◆ **Problem details**
Pictures aside, quote the whole listing exactly.

◆ **Data extract**
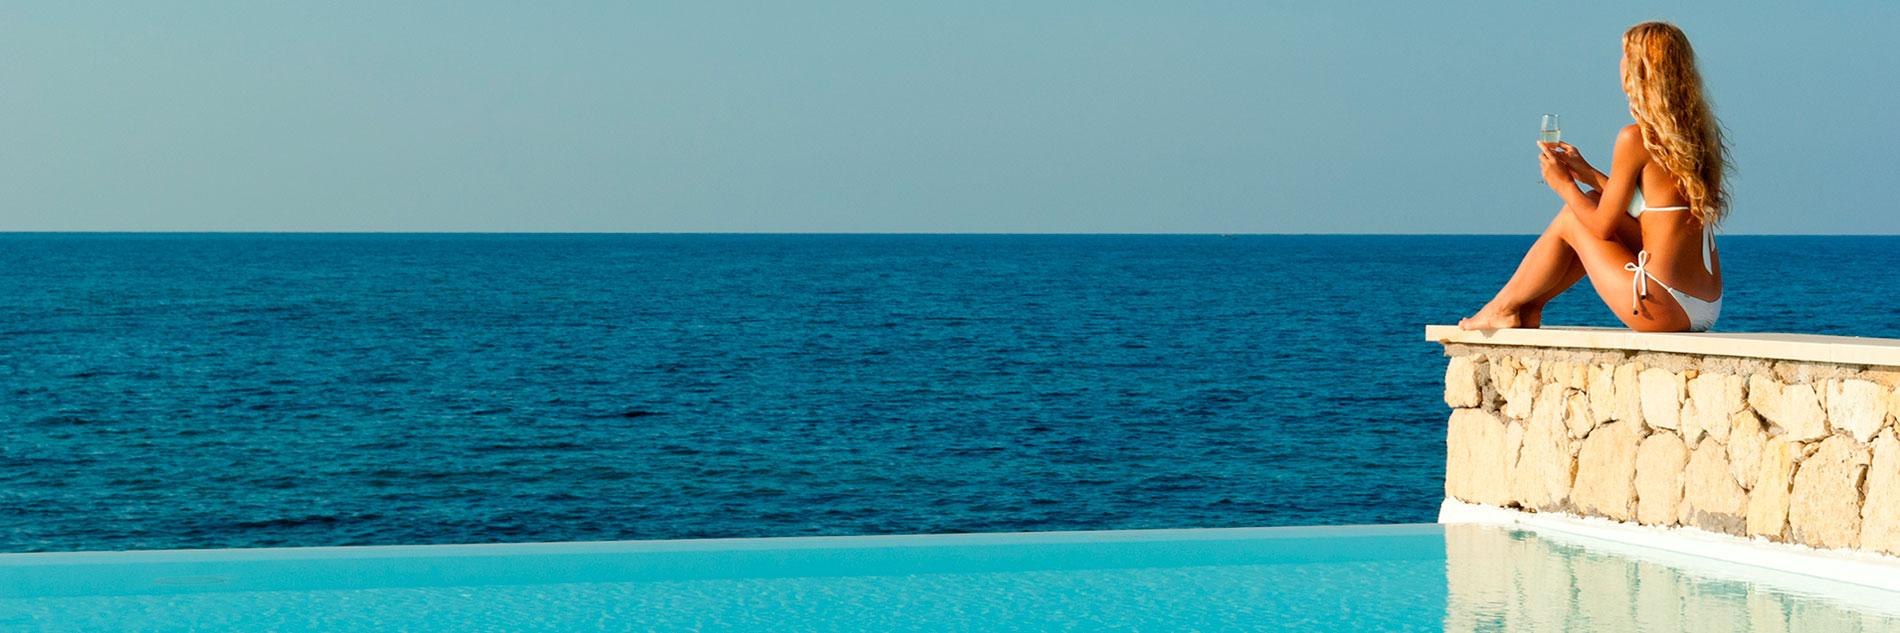 Rinoplastia Marbella
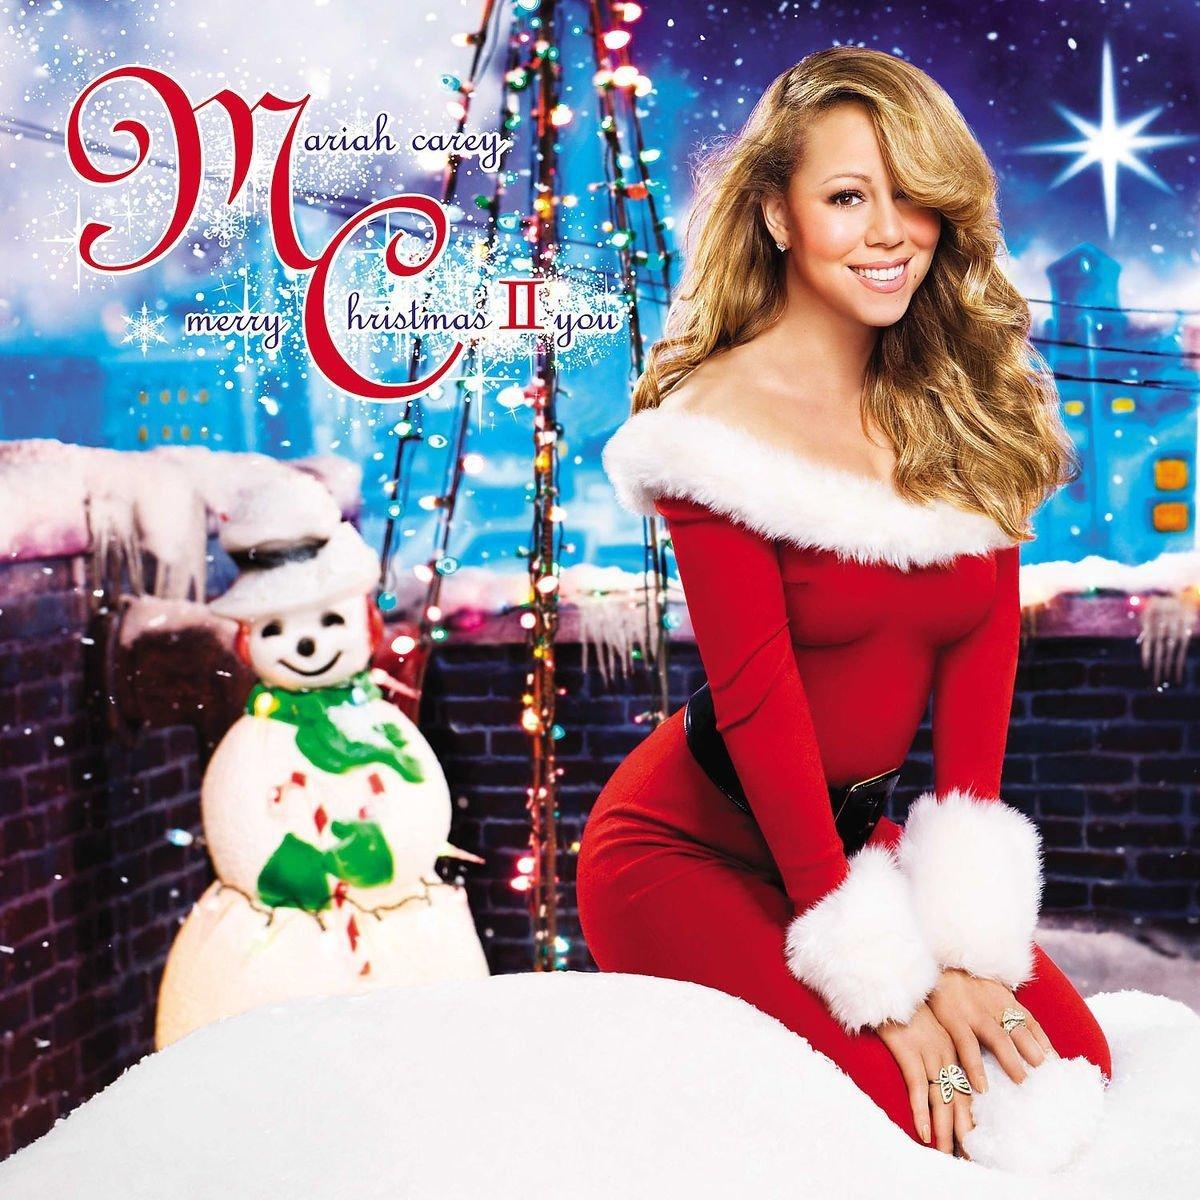 Mariah Carey - Merry Christmas II You [LP] - Amazon.com Music
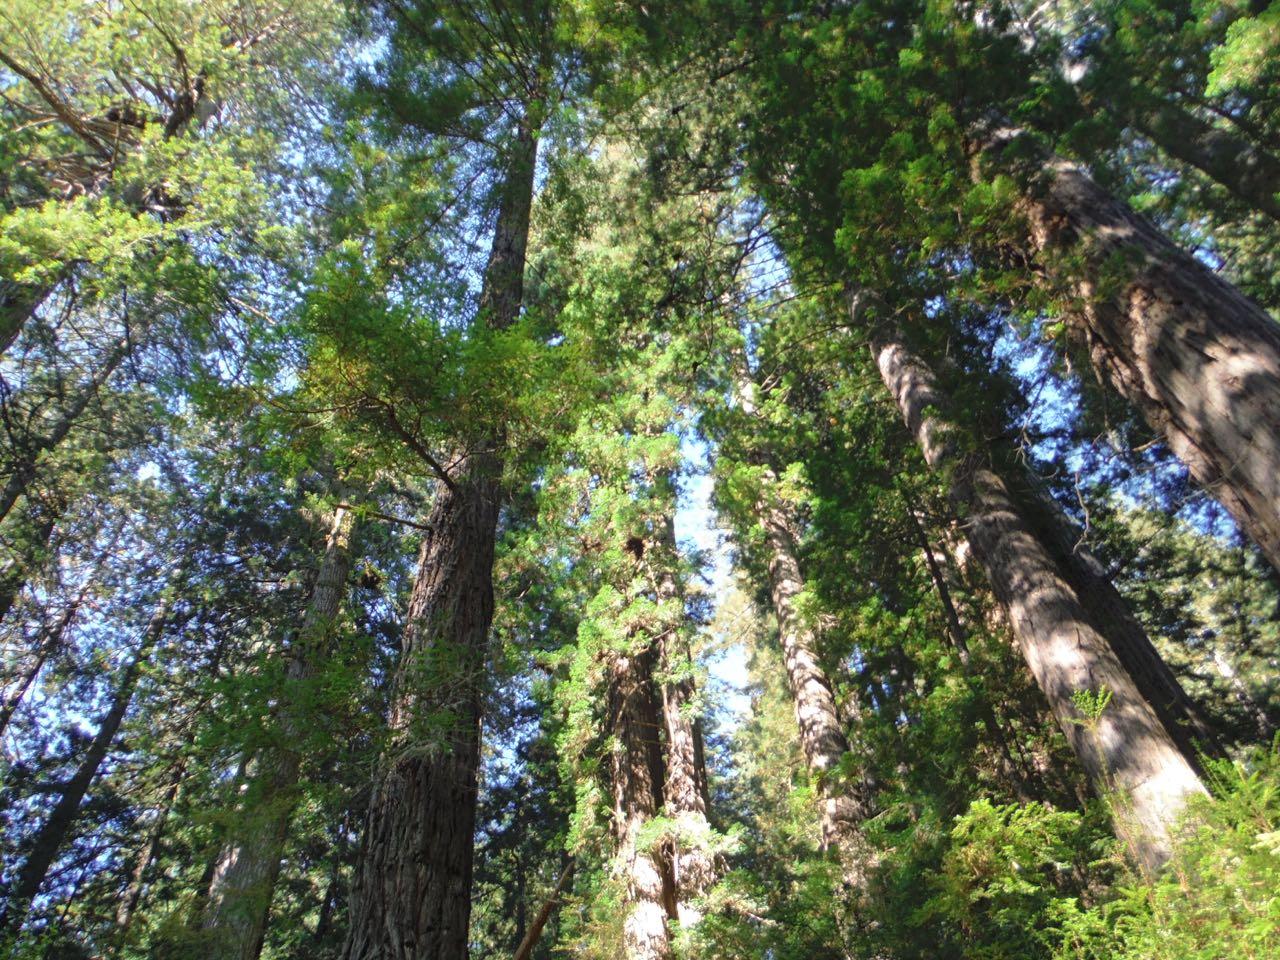 Redwoods 2017 10 08 213 Of 287
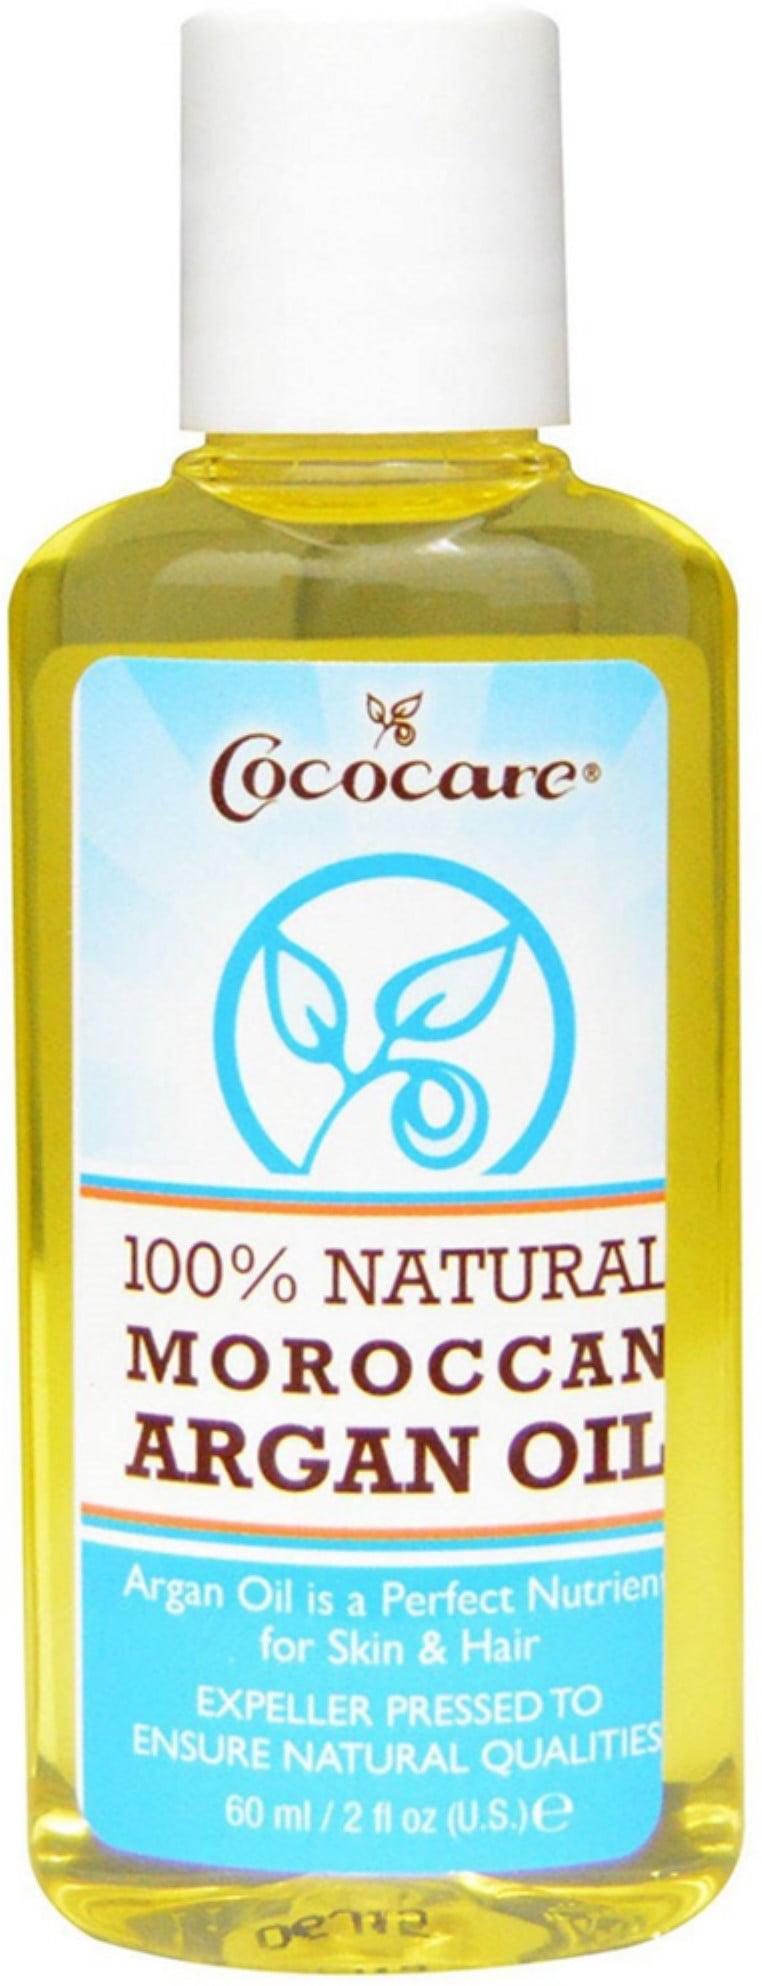 Cococare 100% Argan Oil 2 oz. (Pack of 6) A Glowing Regimen Trial Set

◆ **Solution for this task**
 Rinoplastia Marbella
 Mariah Carey - Merry Christmas II You [LP] - Amazon.com Music
 Redwoods 2017 10 08 213 Of 287
 Cococare 100% Argan Oil 2 oz. (Pack of 6) A Glowing Regimen Trial Set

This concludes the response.